Я захожу в палату, сразу вижу папу, лежащего на кровати, и бросаюсь к нему. Он приобнимает меня здоровой рукой, сдавленно смеётся.
— Вот видишь, жив я, жив, — повторяет отец.
Немного успокоившись, я отстраняюсь и внимательно его рассматриваю. Левая рука в гипсе, лицо бледно-серое, на губе ссадина. Мне больно видеть отца таким, но, по крайней мере, он может двигаться, разговаривать и даже шутить. Это ли не счастье? Вчера я боялась, что никогда его больше не увижу, а сегодня уже обнимаю и дотрагиваюсь до тёплой шершавой ладони.
И всё благодаря Аркадию. Его помощник каким-то чудом за один вечер договорился с нужными людьми и привёз моего отца в целости и сохранности. Асманов им не помешал, хотя я жутко этого боялась.
— Ну-ну, милая, всё же хорошо, — растерянно бормочет папа. Он не выносит женских слёз, сразу взгляд отводит и начинает городить какую-то чушь. Меня всегда это забавляло. — Тут не больница, а настоящий рай: кормят вкусно, ухаживают, ещё и телевизор смотреть разрешают, — отец указывает на плазму, висящую на стене.

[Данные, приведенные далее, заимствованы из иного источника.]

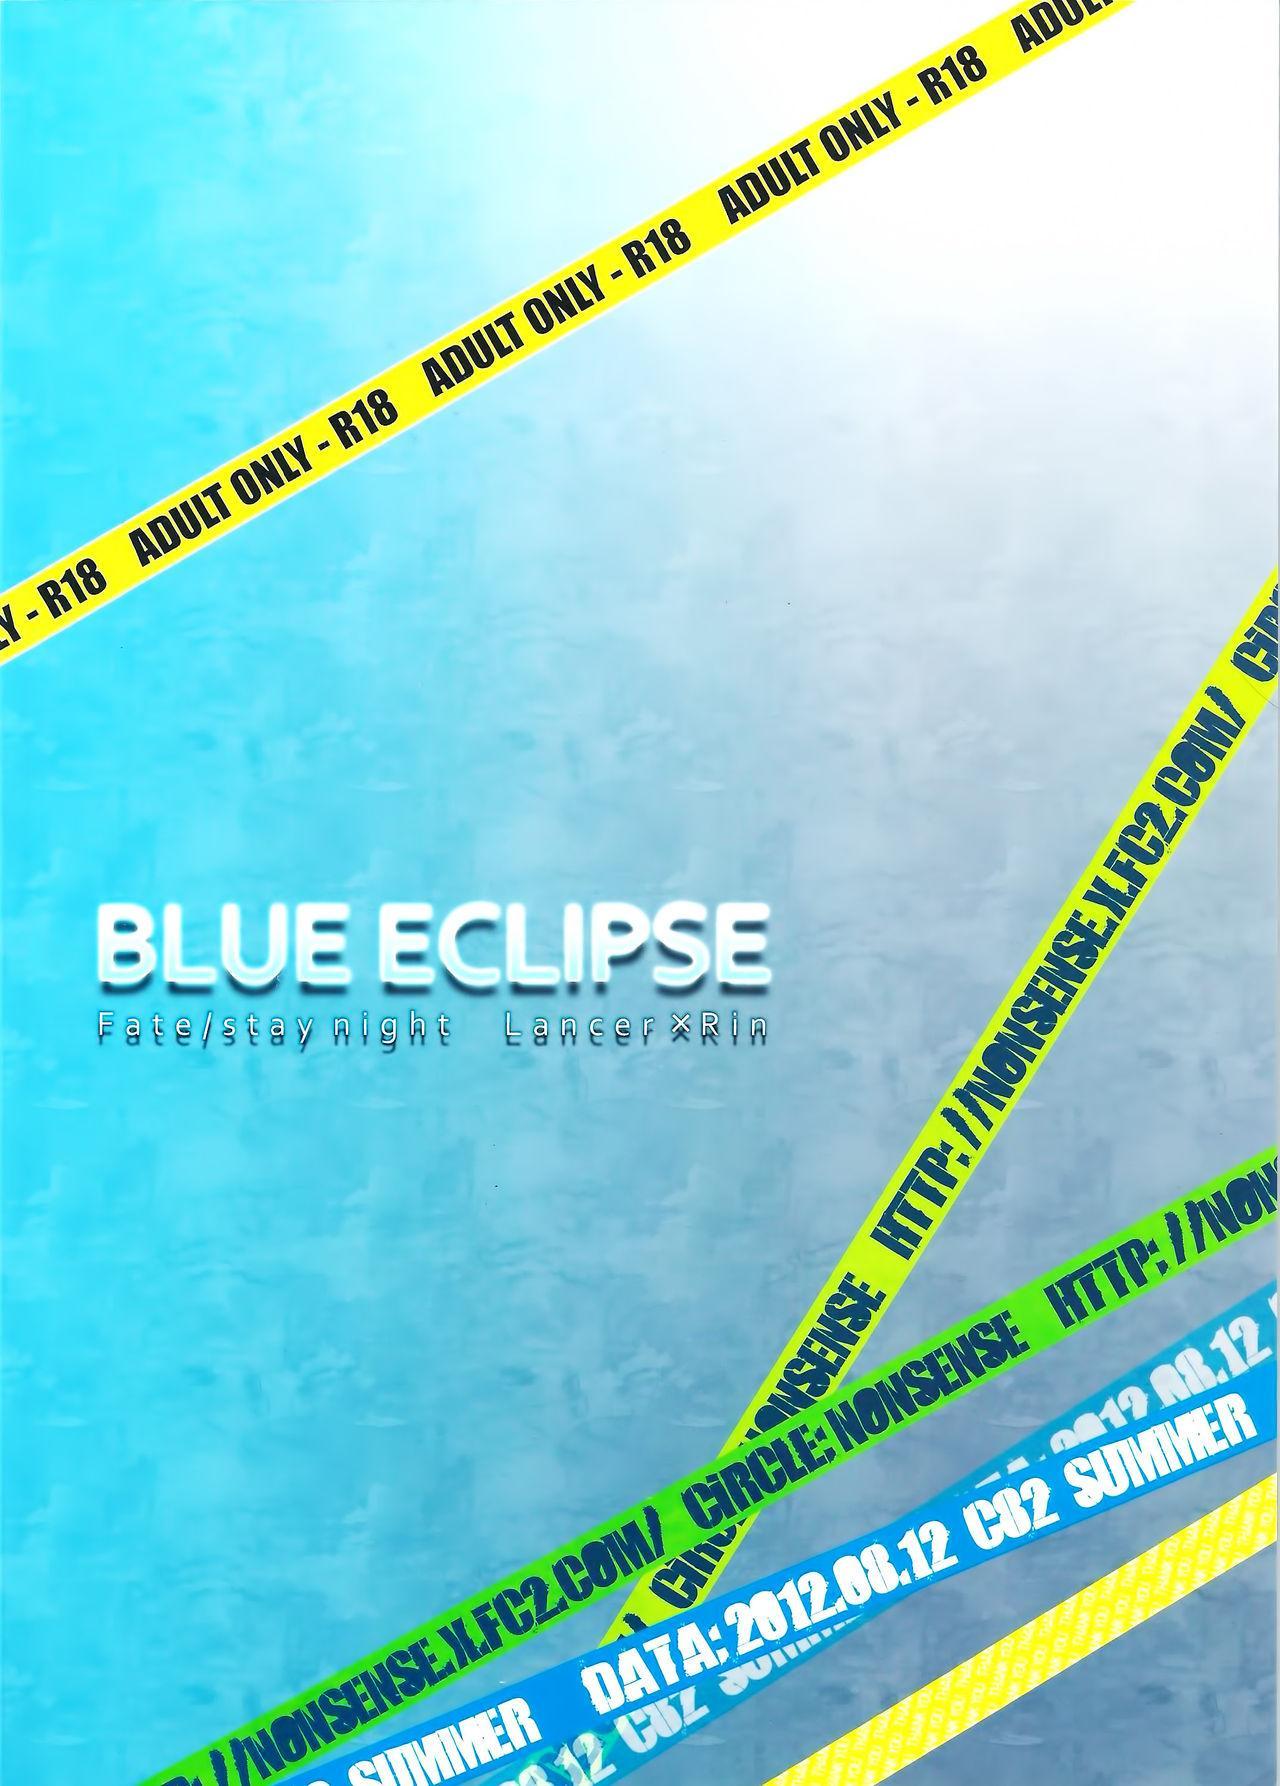 BLUE ECLIPSE 24

— Тебя же недавно привезли. Откуда про еду знаешь? — улыбаюсь я.
— Ну а какая ещё может быть еда в таких учреждениях? — пожимает плечом отец и еле заметно кривится.
— И не поспоришь, — поддакиваю ему.
— Как ты поживаешь, Лия?
Я принимаюсь воодушевлённо рассказывать о двух днях, проведённых в новой семье. Все негативные моменты напрочь удаляю из памяти, нельзя, чтобы папа грустил. Описываю дом, в котором живут Аркадий и Анна Викторовна, вкратце упоминаю о своё первом свидании с Богданом и вру, что мне всё понравилось и он замечательный, лучший в мире парень. Город тоже хвалю: и метро классное, новый опыт всё-таки, и центр красивенный, и люди счастливые вокруг.
— Хорошо сочиняешь, — резюмирует отец, когда я замолкаю. — Правдоподобно.
— Ну пап, — тяну я, надувая губы. — Я говорю всё, как есть. Может, моментами немного приукрашиваю. Но только моментами!
— Врушка, — неодобрительно качает он головой. — А на самом деле как тебе Богдан? Я должен знать правду.
Вздыхаю. Это сложный вопрос, на который я пока не нашла ответ. С одной стороны мне нравится будущий муж, а с другой — он меня немного тревожит своей настойчивостью и непредсказуемостью. Правда, вчера меня это ничуть не смутило: я первой обнимала Богдана, с радостью принимала его внимание и даже руку ему поцеловала в порыве эмоций! Он, конечно, опешил, не ожидал от меня такого.
— Рядом с ним я чувствую себя в безопасности, — говорю чистую правду. Вчера Богдан меня успокаивал, пытался шутить, гладил по волосам и спине, и я чувствовала себя в самом уютном и защищённом месте на земле.
— Это хорошо, милая. Аркадий и Богдан очень многое для нас сделали, надеюсь, ты понимаешь, что должна быть им благодарна?
— Да, — киваю.
— Постарайся быть хорошей женой. Знаю, ты совсем не о таком мечтала, но кто бы подумал, что Асманов…. — отец сокрушённо качает головой. — Прости меня, Лия.
— Пап, ну ты чего? Конечно, я тебя простила, разве может быть иначе? — тараторю я, сжимая его руку в своей. — Всё хорошо, ты ни в чём не виноват. Я с радостью выйду замуж за Богдана! Ты же будешь на моей свадьбе и сам всё увидишь!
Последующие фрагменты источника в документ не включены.